1) I noticed that heart beat ("version" command) works only on idle connection, 
when there is no traffic between xmemcached and memcached. If there is a 
traffic with at least 1 TPS (like in my test), then heart beats are not sent. I 
see it under debug and looking at -vv output of memcached. But this is wrong, 
heart beats shall be sent even under traffic.
2) Ok, I paused the traffic (by pressing p<ENTER> in my test), and finally I 
see these three log messages: "heartbeat fail", "Remove a session", "Trying to 
connect":

2012-03-01 11:09:07,591 19643  [ std-monitor ] INFO  tandbyMode  - pausing...
2012-03-01 11:09:08,166 20218  [  main ] INFO  tandbyMode  - pausing main thread
2012-03-01 11:09:26,164 38216  [ pool-1-thread-9 ] WARN  hedHandler  - 
Session(127.0.0.1:11201) heartbeat fail 10 times,close session and try to heal 
it
2012-03-01 11:09:26,168 38220  [ pool-1-thread-9 ] WARN  Controller  - Remove a 
session: 127.0.0.1:11201
2012-03-01 11:09:28,172 40224  [ Xmemcached-Reactor-0 ] WARN  Controller  - Add 
a session: 127.0.0.1:11201

But just after that I see the "Trying to connect" log message:

2012-03-01 11:09:28,172 40224  [ Heal-Session-Thread ] WARN  Controller  - 
Trying to connect to 127.0.0.1:11201 for 1 times

Which means, that xmemcached again connected to the frozen memcached. This is 
also wrong.

And if after that I resume the traffic, I still see TimeoutException:

2012-03-01 11:09:37,943 49995  [ std-monitor ] INFO  tandbyMode  - resuming...
2012-03-01 11:09:37,943 49995  [  main ] INFO  tandbyMode  - resuming main 
thread
2012-03-01 11:09:38,946 50998  [  main ] ERROR tandbyMode  - something happened 
between xmemcached and memcached
java.util.concurrent.TimeoutException: Timed out(1000) waiting for operation
        at net.rubyeye.xmemcached.XMemcachedClient.latchWait(XMemcachedClient.java:2528)
        at net.rubyeye.xmemcached.XMemcachedClient.fetch0(XMemcachedClient.java:574)
        at net.rubyeye.xmemcached.XMemcachedClient.get0(XMemcachedClient.java:971)
        at net.rubyeye.xmemcached.XMemcachedClient.get(XMemcachedClient.java:929)
        at net.rubyeye.xmemcached.XMemcachedClient.get(XMemcachedClient.java:940)
        at net.rubyeye.xmemcached.XMemcachedClient.get(XMemcachedClient.java:962)
        at TestStandbyMode.main(TestStandbyMode.java:50)
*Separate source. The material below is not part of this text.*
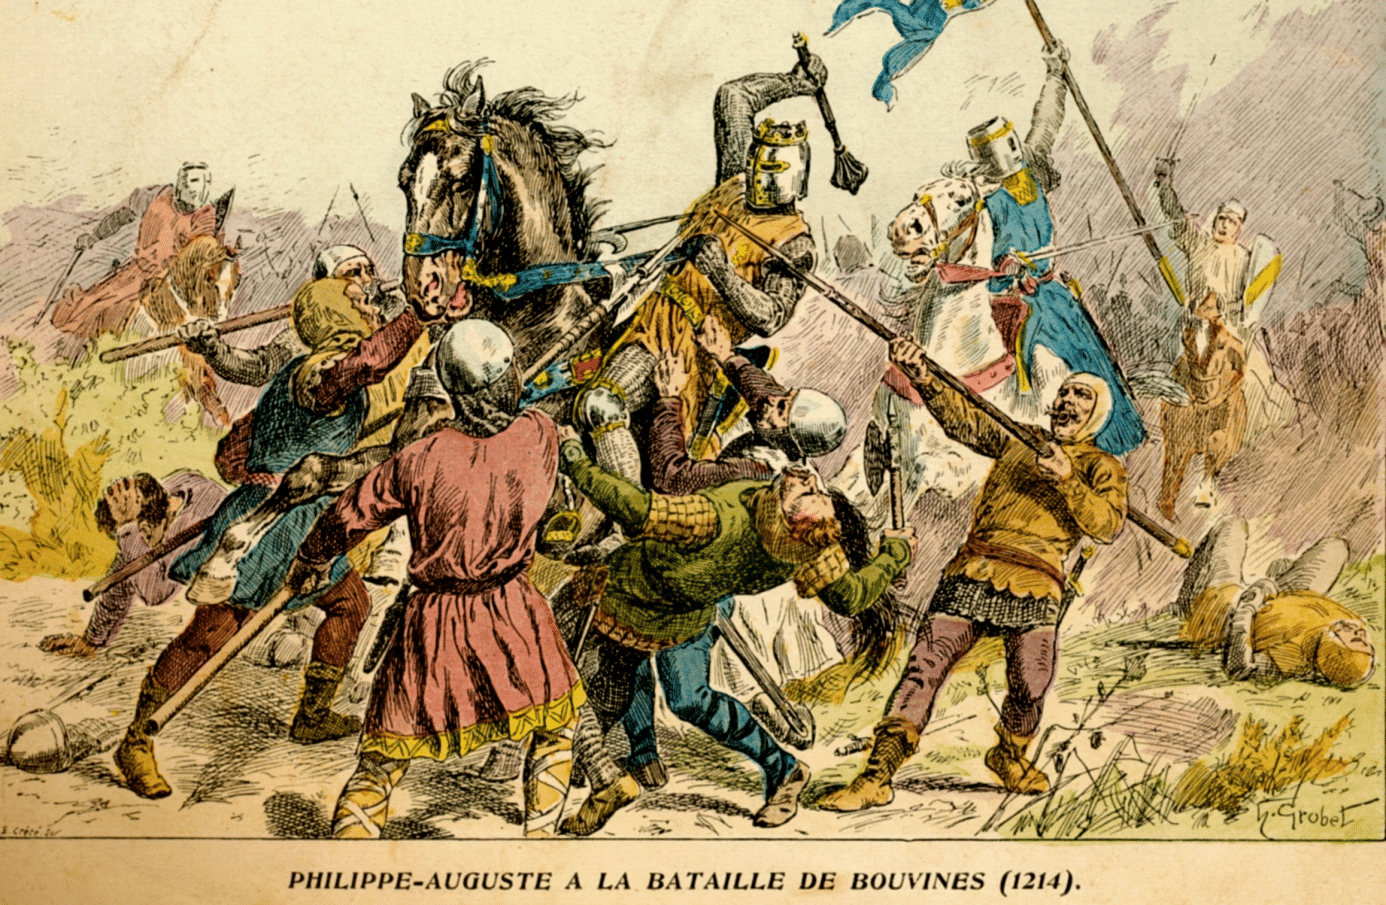 « Philippe Auguste à la bataille de Bouvines (1214) », illustration de Henri Grobet, 1902. (C) Wikipedia

So could you please fix two things:
1) Send heart beat even under the traffic towards memcached, not only when 
there is no traffic (the connection is idle).
2) Don't declare a connection open until first successful heart beat on it.

Original comment by anton.mi...@gmail.com on 1 Mar 2012 at 8:33

Attachments:

GoogleCodeExporter commented 9 years ago
Yes,it's a problem in this situation.i will try to fix it.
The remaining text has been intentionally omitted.